Например, что это за девушка. Она тихо сидела в кожаном кресле у камина; на нижней половине ее лица застыла смутная, отсутствующая улыбка, но глаза были широко открыты и насторожены — она следила за нервными перемещениями Росса по комнате с видом, близким к идолопоклонству. «Бедная напуганная сучка», — подумал Финли.

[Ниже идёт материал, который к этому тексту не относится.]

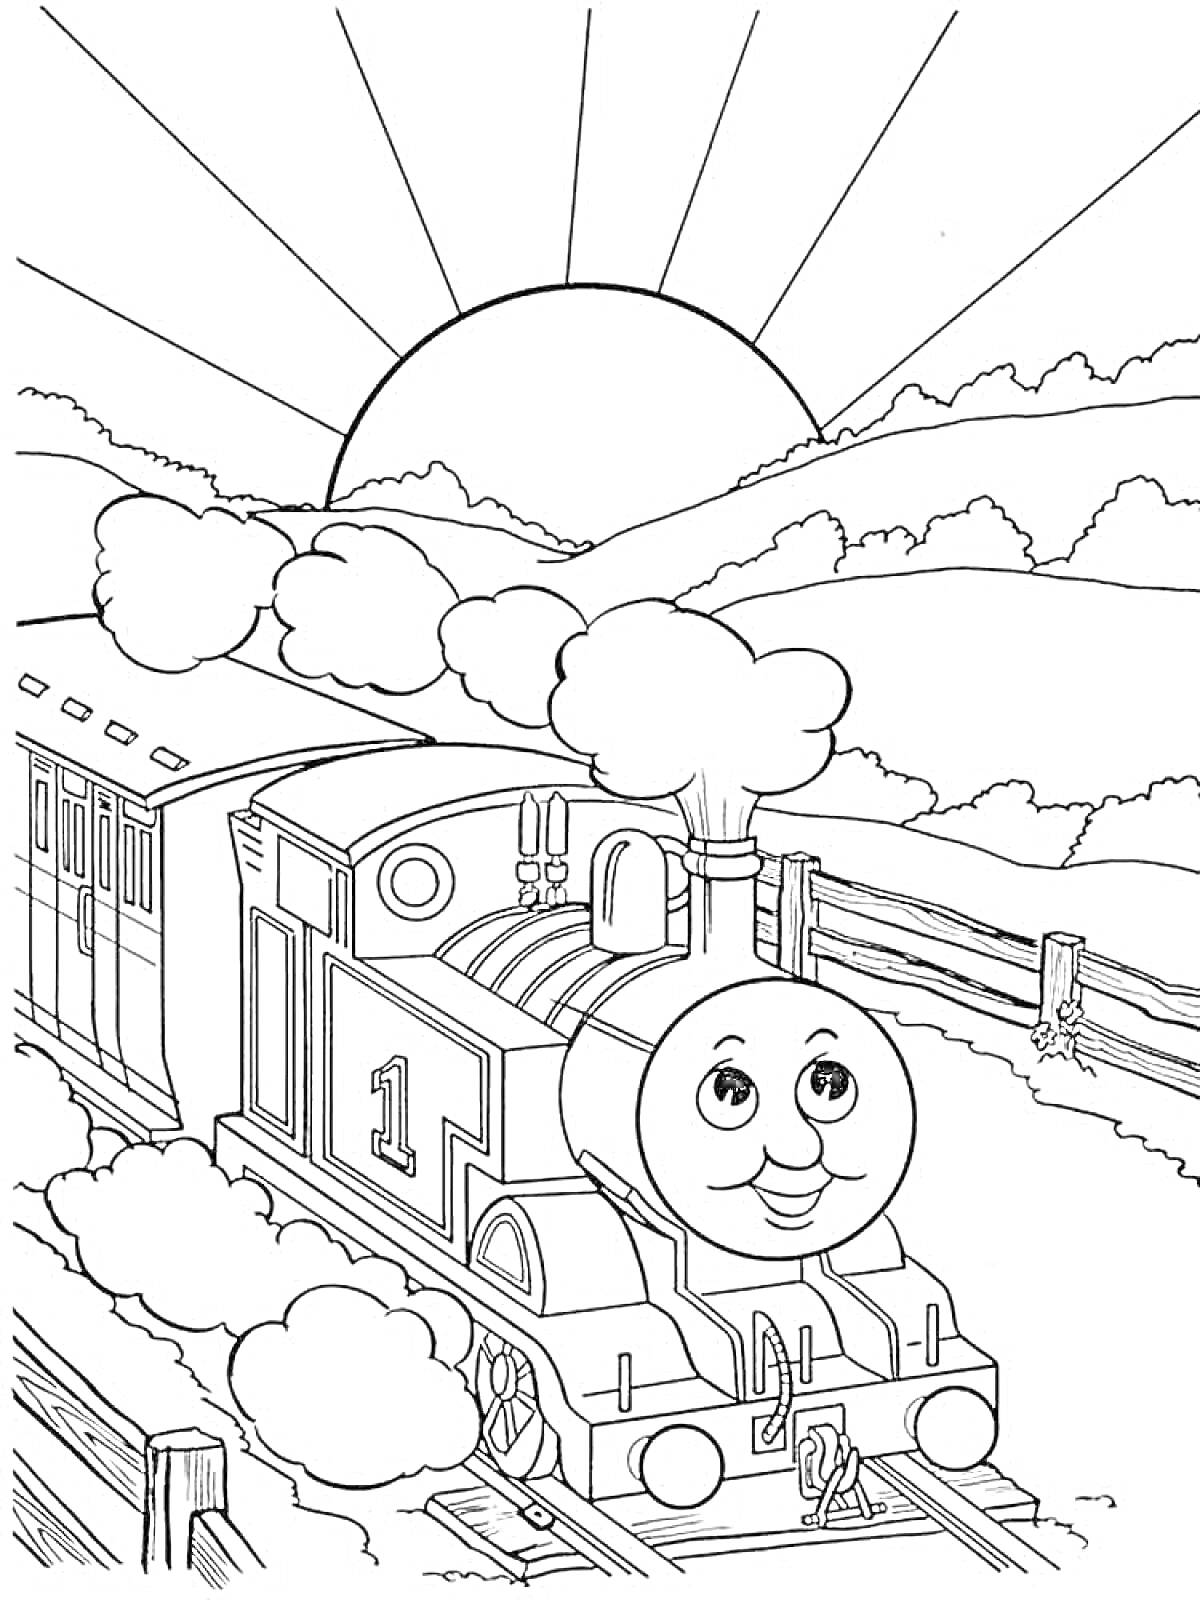 Раскраска Паровозик Томас с улыбкой, закат солнца, облака, холмы, железнодорожные пути, забор

Она почти не говорит ни слова, толком не понимает, где находится и что с ней происходит. Но Росс поступил мудро, взяв её с собой. Именно девушка в конечном итоге убедила Финли дать Россу «зеленый свет» на тот опасный проект, который он предложил.
Правильное ли решение принял Финли? В напряженном, конкурентном бизнесе международных новостей никогда нельзя сказать наверняка, пока не увидишь результат на своем столе. За восемь лет работы руководителем регионального бюро по Аргентине и Уругваю Финли видел, как и куда более сомнительные решения приносили его агентству громкие заголовки на первых полосах. А Росс был хорошим парнем, опытным добытчиком новостей. Молодым, но не настолько, как должен был казаться из-за копны лохматых волос, круглых очков без оправы и густых усов. Ему можно было доверять.
Пришло время уходить. Росс поставил пустой бокал на каминную полку и повернулся к девушке: — Если мы промедлим еще немного, нам придется добираться до отеля вплавь.
Она медленно поднялась с кресла и разгладила пару складок на своем платье из грубого льна. По-прежнему ни слова.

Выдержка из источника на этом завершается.